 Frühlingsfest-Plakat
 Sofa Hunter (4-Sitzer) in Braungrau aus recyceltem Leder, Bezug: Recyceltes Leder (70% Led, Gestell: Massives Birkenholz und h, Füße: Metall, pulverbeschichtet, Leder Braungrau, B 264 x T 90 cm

------------------------

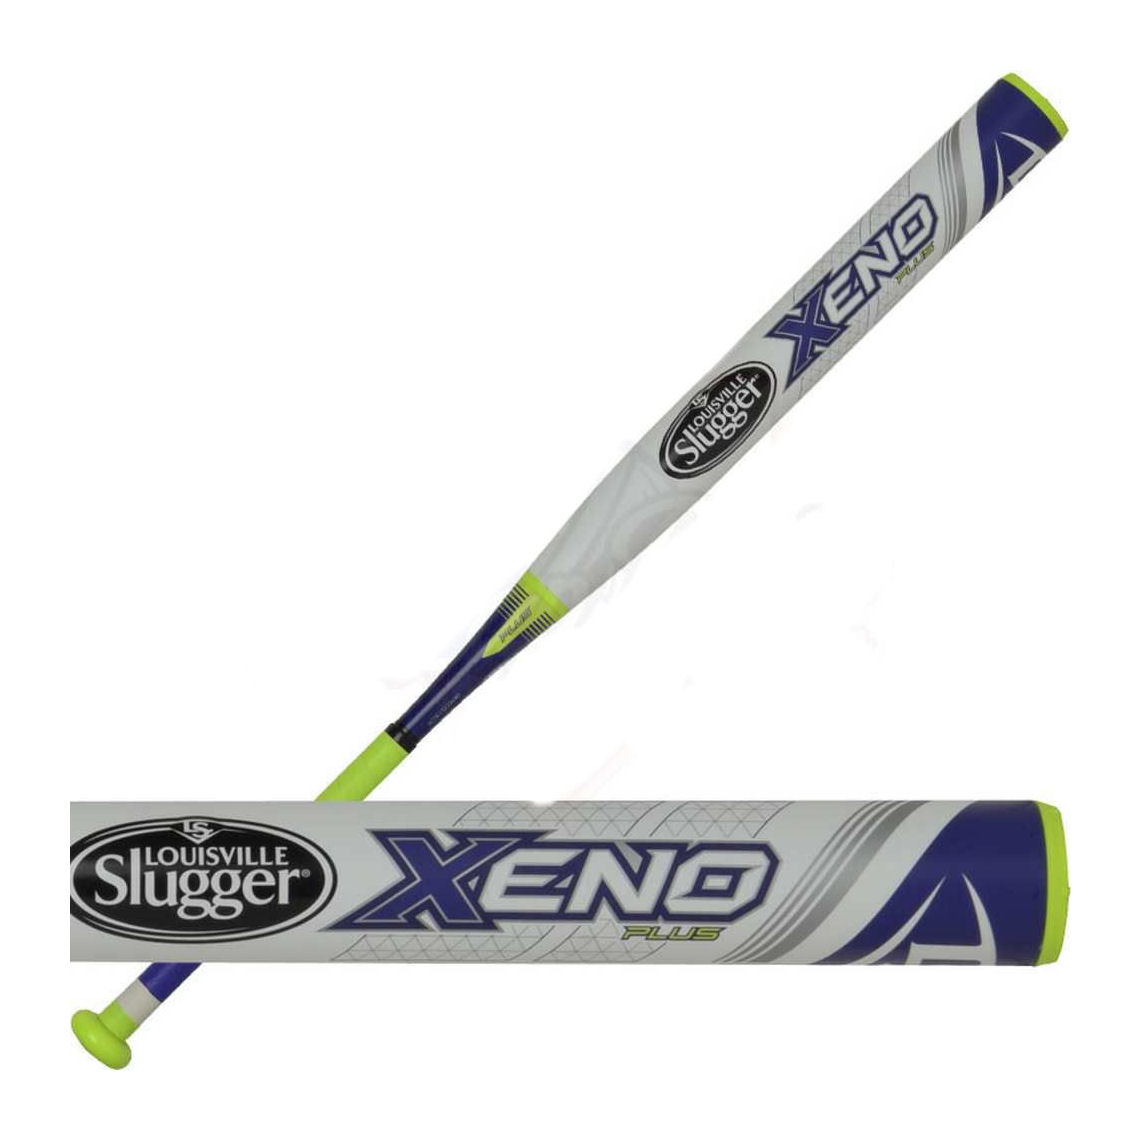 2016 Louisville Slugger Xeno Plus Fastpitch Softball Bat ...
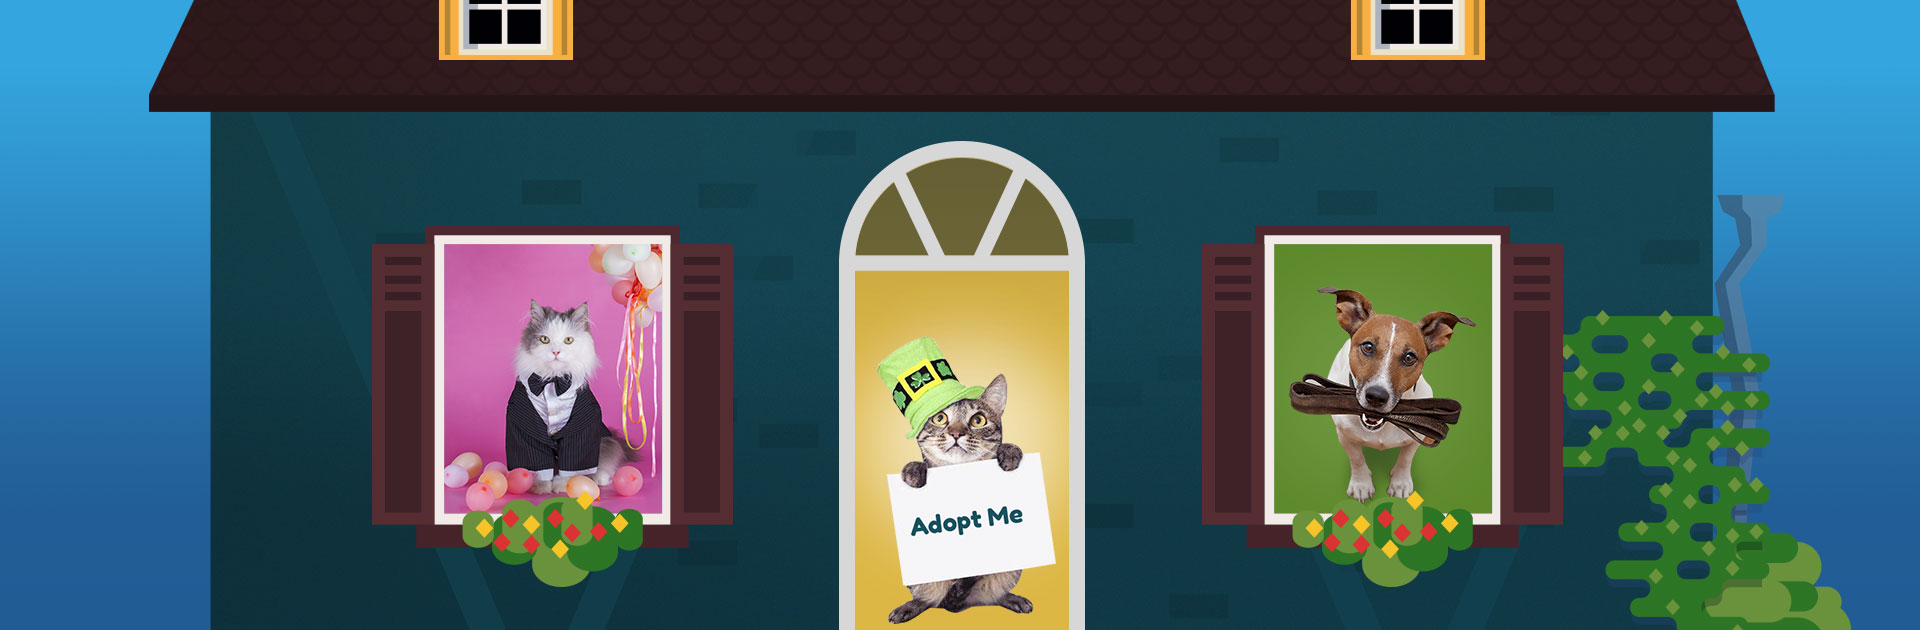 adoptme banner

------------------------

* _Work order_
An exact transcription is needed of the lines from the one with "2016 Louisville Slugger" to the one with "adoptme banner" above, both ends included, with pictures left out.

* _Solution to the exercise_
 2016 Louisville Slugger Xeno Plus Fastpitch Softball Bat ...
 adoptme banner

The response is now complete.